- Founded: 1983
- Dissolved: 1991
- Split from: Voltaic Revolutionary Communist Party
- Succeeded by: Movement for Socialist Democracy
- Ideology: Communism; Marxism-Leninism;
- Political position: Far-left

= Burkinabé Communist Group =

The Burkinabè Communist Group (Groupe Communiste Burkinabè, GCB) was a communist party in Burkina Faso.

== History ==
The GCB was formed as a splinter from the Voltaic Revolutionary Communist Party in August 1983, following the refusal of PCRV to support the revolutionary government of Thomas Sankara. The GCB was led by Jean-Marc Palm.

On 22 May 1985, the GCB, along with the Union of Burkinabé Communists, was re-invited into the Burkinabe governing coalition under the National Council for the Revolution (CNR) in order to counter the influence of Valère Somé within the faction.

In 1986 the GCB signed a declaration, together with the Union of Communist Struggles – Reconstructed (ULC-R), Union of Burkinabé Communists and Revolutionary Military Organization, calling for revolutionary unity.

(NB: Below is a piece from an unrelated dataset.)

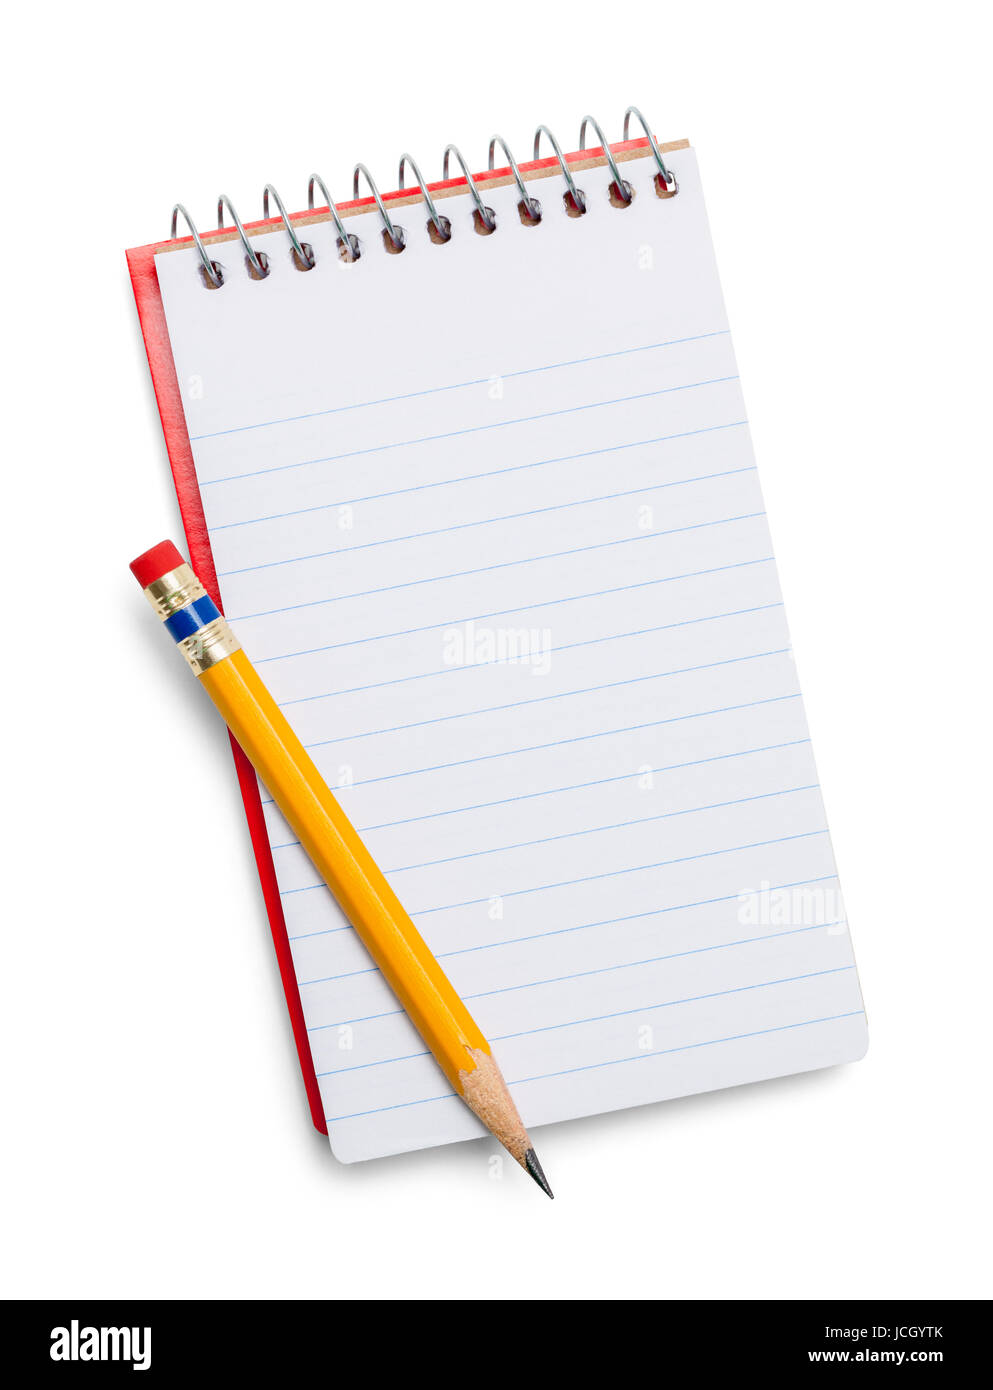 Open Notebook and Pencil Isolated on White Background. Stock Photo

In April 1987, the GCB, together with the ULC-R and La Flamme, formed a formal front against Sankara and Somé.

In 1989 the GCB left the government, following its refusal to join ODP/MT. The GCB turned clandestine. In April 1989 it split into two factions, one led by Salif Diallo joined the ODP/MT. The other, led by Jean-Marc Palm, became the Movement for Socialist Democracy (MDS) in March 1991.